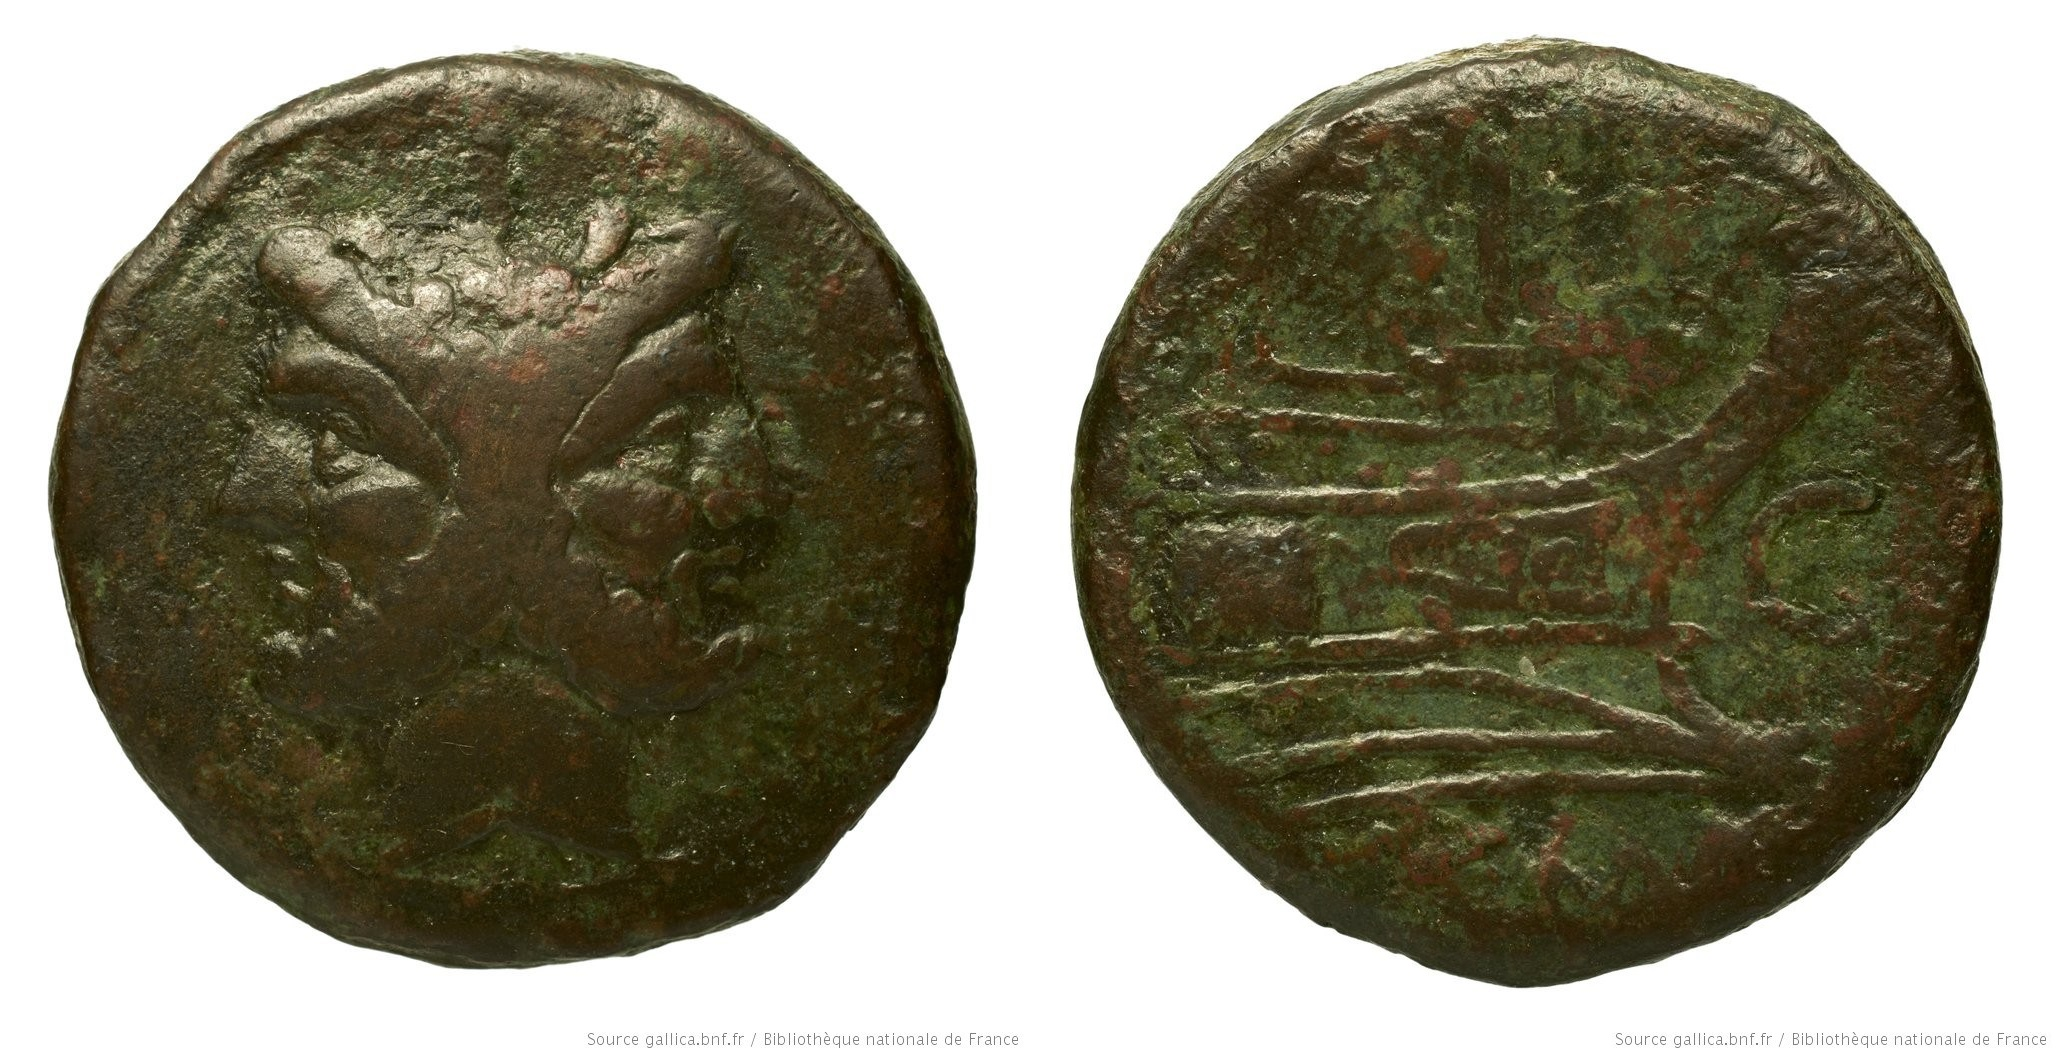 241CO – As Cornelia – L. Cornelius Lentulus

---

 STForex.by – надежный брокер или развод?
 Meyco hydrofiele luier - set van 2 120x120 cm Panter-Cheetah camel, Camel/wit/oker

Instructions to follow: What you return should be exactly the lines above, starting at the one with "STForex.by – надежный брокер или развод?" and ending at the one with "Meyco hydrofiele luier", and nothing else.

Task response:
 STForex.by – надежный брокер или развод?
 Meyco hydrofiele luier - set van 2 120x120 cm Panter-Cheetah camel, Camel/wit/oker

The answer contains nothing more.